Надо же, через пару недель вопрос опять возник. Случилось это так. Вавка внезапно спросил: Юра, а что за мужик новый у Вас появился?
Юрка говорит:
– Какой? У нас мужиков куры не клюют.
– Тот, что поселился в сарае через дорогу.
– А это вроде родственник чей-то, не знаю. Или знакомый. А что?
– Да так. Подозрительный.
– Почему подозрительный?
– Чувствую, что-то с ним не так. Вы все не бдительные, ротозеи. Недавно, когда мы шли сюда, к старой бане – заметили, как он взглянул? Нет? А вот я засёк. Явно не понравилось ему, что здесь околачиваемся.
– Да что тут такого особенного? Всё время сюда ходим.
– Так его-то раньше не было. Точно каким-то боком с этой баней связан. Я считаю, что ты, Юра, должен потихоньку вызнать – откуда он приехал? Бывал ли здесь раньше? Если бывал, что делал?
– Ты чего? Думаешь, он и есть тот, у кого в бане тайник? – спросила Рита.
– Всякое может быть. Нужно проверить.
– Ну, хорошо, узнаю – Юрка потер переносицу – расспрошу. Никаких сложностей.
– Будь осторожен – предостерег Вавка – надо, чтоб ничего не заподозрил.
Изучал Юрка вопрос не меньше недели. И вот собрались для обсуждения. Начал он рассказывать, и мы были ошеломлены, ошарашены. Все ведь считали это за шутку, за что-то вроде тренировки внимания – любил Вавка такие упражнения, задания. Тренингом называл.
Но Юркино сообщение по-настоящему потрясло. Оказывается, новый жилец, Петр Федулович – так его звали – здесь воевал, и чуть ли не в этих именно местах. Все тут ему знакомо до каждой тропинки и канавки. И узналось об этом, конечно, не от него, а тетка одна Петровская в случайном разговоре поведала. Юрка говорил, что даже и расспрашивать не пришлось, сама наболтала.
Вот тут мы посмотрели на Вавку уже не просто уважительно, а с искренним восхищением. Вот это человек! Настоящий следопыт! Вот это чутьё! Сочиняет, конечно, чудит малость, но ведь и на деле все оборачивается правдой. Наверняка, в точку попал насчет бани. А мы, лопухи… не верили.
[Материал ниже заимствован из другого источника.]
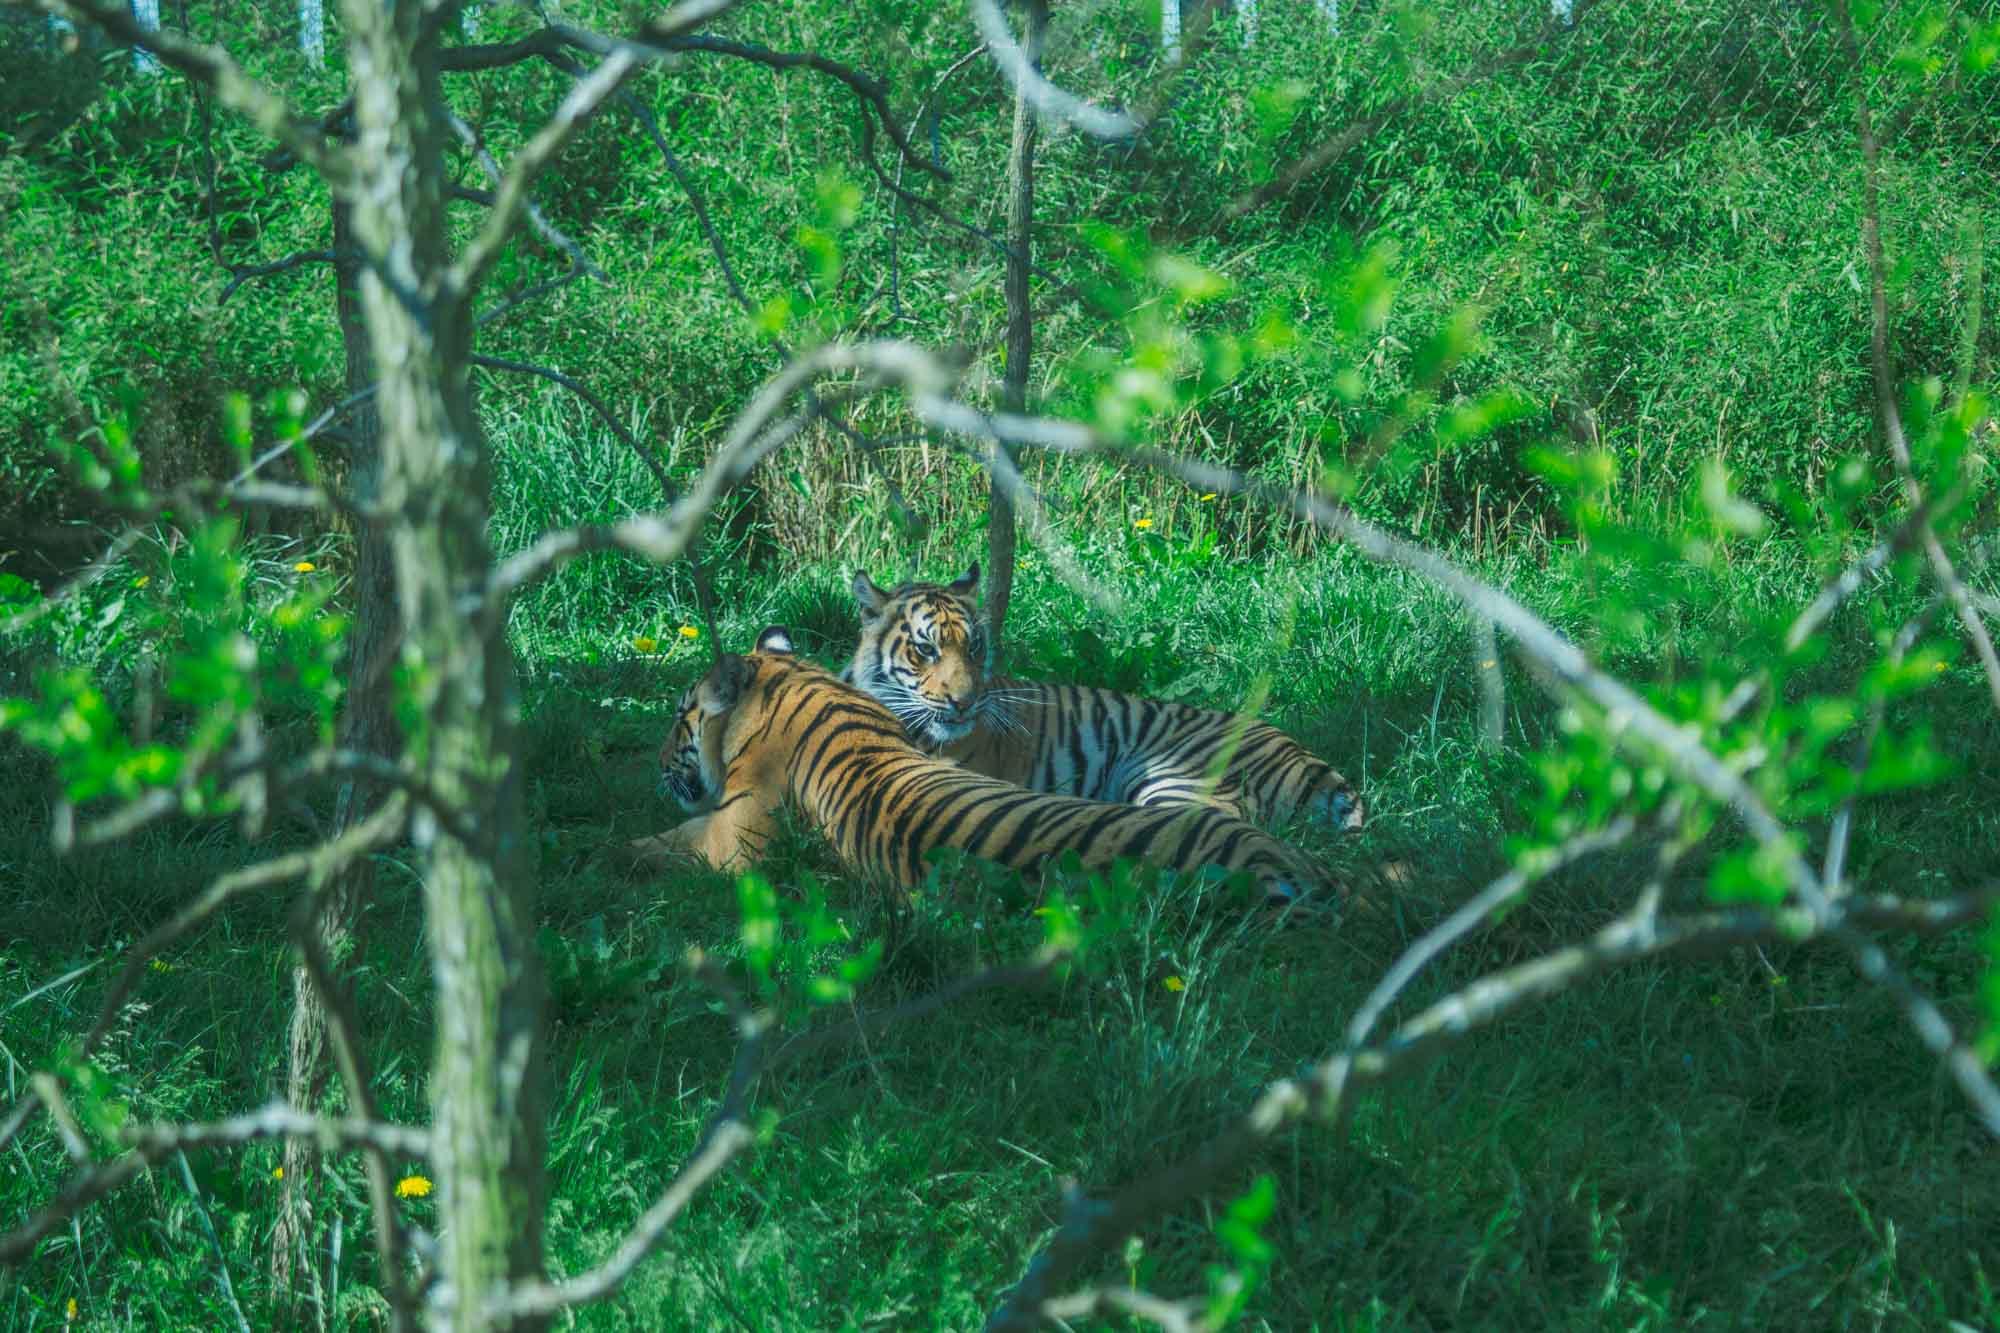 London Zoo ZSL - Tigers

Вавка сделал вид, что ничего, мол, особенного, он-то предвидел, это вы, дурачки, сомневались. Оглядел нас строго и сказал: Теперь дошло? Поняли? Будем следить. Здесь в бане у него спрятаны ценности, и мы обязаны вызнать – что это. Мало ли… может, здесь чудовищное преступление совершилось? Наша задача – найти и раскрыть!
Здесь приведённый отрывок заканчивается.